Metadata-Version: 2.4
Name: contamination-audit
Version: 0.1.1
Summary: N-gram, embedding, canary, answer-pattern, and corpus contamination auditor.
Author: AuraOne
License-Expression: MIT
Project-URL: Homepage, https://auraone.ai/open
Project-URL: Source, https://github.com/auraoneai/contamination-audit
Classifier: Development Status :: 3 - Alpha
Classifier: Programming Language :: Python :: 3.10
Classifier: Programming Language :: Python :: 3.11
Classifier: Programming Language :: Python :: 3.12
Requires-Python: >=3.10
Description-Content-Type: text/markdown
License-File: LICENSE
Provides-Extra: embedding
Requires-Dist: sentence-transformers>=2.7; extra == "embedding"
Dynamic: license-file

# contamination-audit

`contamination-audit` combines n-gram overlap, optional embedding similarity, canary matching, answer-pattern checks, and public-corpus hash matching.

## Quickstart

```bash
pip install contamination-audit
contamination-audit run --eval-data examples/eval.jsonl --corpora pile,c4,hf-mmlu
```

By default, embedding checks use a no-dependency lexical cosine fallback.

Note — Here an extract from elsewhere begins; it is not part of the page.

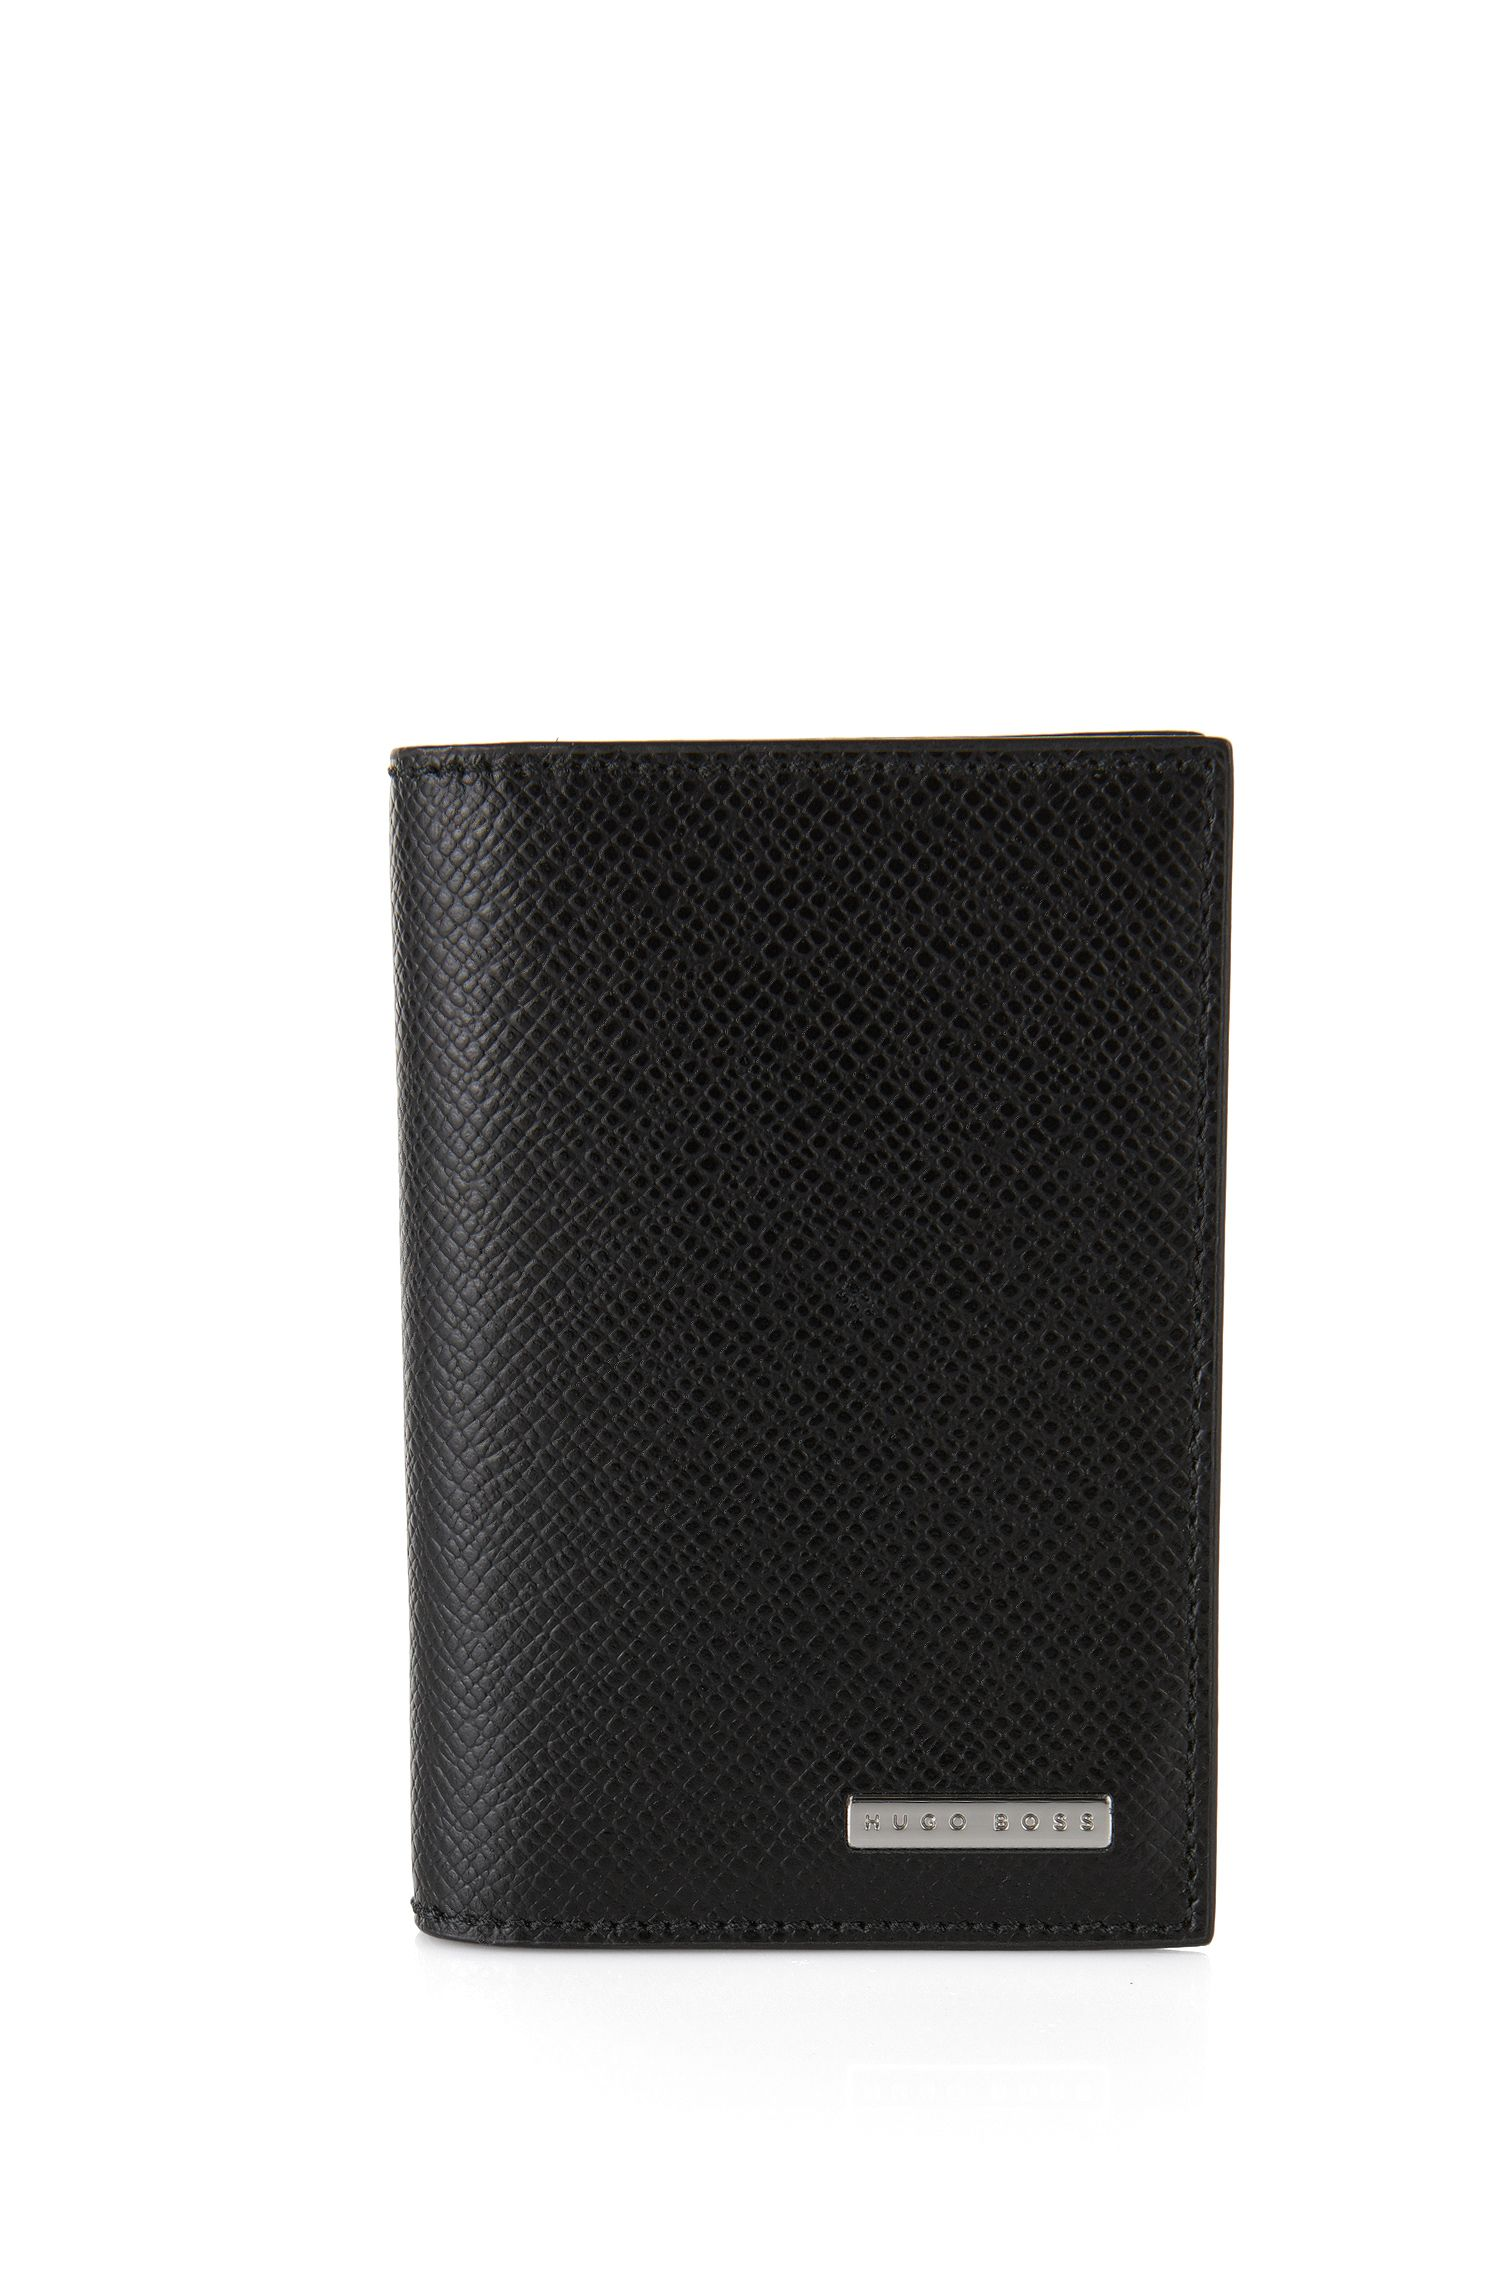 Pequeña cartera plegable en piel palmellato de la colección Signature

To run semantic embedding checks locally:

```bash
pip install 'contamination-audit[embedding]'
contamination-audit run --eval-data examples/eval.jsonl --embedding-backend sentence-transformers --embedding-model all-MiniLM-L6-v2
```

## What This Is Not

Not proof of uncontaminated data; it is a code-only diagnostic. Examples are synthetic.